# Identify this....



## e~shot (Jun 3, 2010)

Can anyone identify this device?.......










It is call Typewriter. Sad to say it is almost taken out from us.


----------



## harpersgrace (Jan 28, 2010)

Underwood a good brand too...I used one almost like it back in the old days, when you actually had to write in school instead of cut and paste....Getting the stone tablets in it was real pain though.


----------



## whipcrackdeadbunny (May 22, 2010)

My mum was working in a bank, the boss walked in and said, who wants to learn how to use the new thing, a computer?


----------



## roadie (Jan 23, 2011)

i still got one .... in my storeroom









i think it still works via a change of the dry up ribbon ......

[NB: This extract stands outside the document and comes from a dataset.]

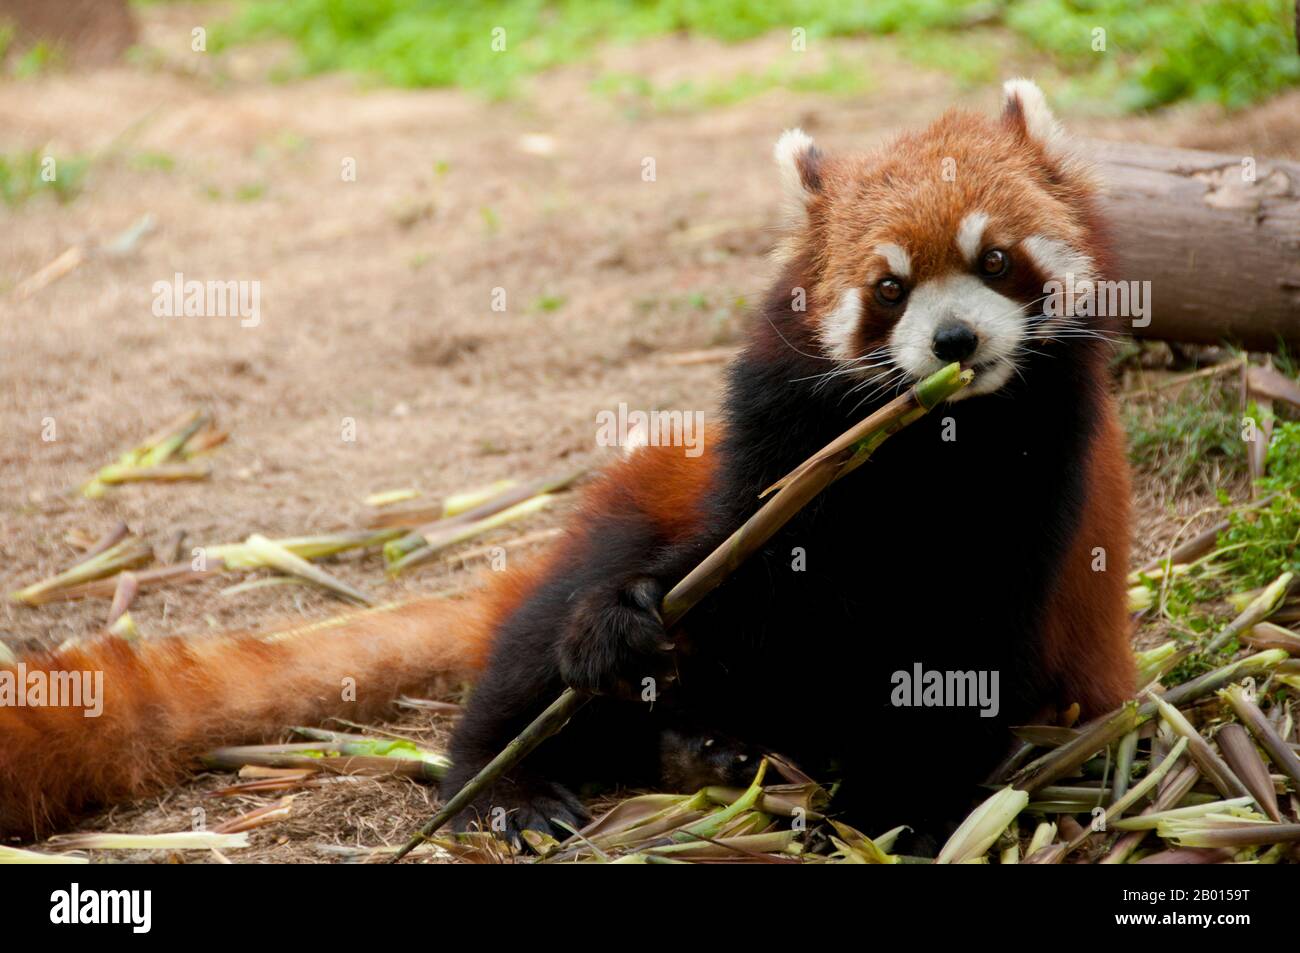 China: Roter Panda oder kleiner Panda, Forschungsbasis zur Züchtung des Großen Pandas, Chengdu, Provinz Sichuan. Der rote Panda (Ailurus fulgens, oder glänzende Katze) ist ein kleines arborealer Säugetier, der im östlichen Himalaya und im Südwesten Chinas beheimatet ist. Es ist die einzige Art der Gattung Ailurus. Sie ist etwas größer als eine Hauskatze und hat ein rötlich-braunes Fell, einen langen, zotteligen Schwanz und eine watschelnde Gangart aufgrund ihrer kürzeren Vorderbeine. Er ernährt sich hauptsächlich von Bambus, ist aber allesfressend und kann auch Eier, Vögel, Insekten und kleine Säugetiere fressen. Es ist ein einsames Tier, das hauptsächlich von der Dämmerung bis zur Dämmerung aktiv ist. Stockfoto

used to use that alot .....


----------



## Marbles (Jan 23, 2010)

Hang on to it, when all this fancy electronic stuff goes in the crapper it will come in handy .


----------



## Sam (Jul 5, 2010)

My dad used to have one - from his days in Fleet Street - but sadly he sold it...


----------



## SickPythons (Jan 4, 2011)

I still use one on a regular basis at work. I use it to make labels for my folders. However, I only use it because I can't figure out how to load the label paper into a printer. I say good riddance, typewriter.


----------



## e~shot (Jun 3, 2010)

SickPythons said:


> I still use one on a regular basis at work. I use it to make labels for my folders. However, I only use it because I can't figure out how to load the label paper into a printer. I say good riddance, typewriter.


Hope this video help you to print labels


----------



## NaturalFork (Jan 21, 2010)

I still have one ... I got it for free for writing on. Until I realized a computer is much easier.


----------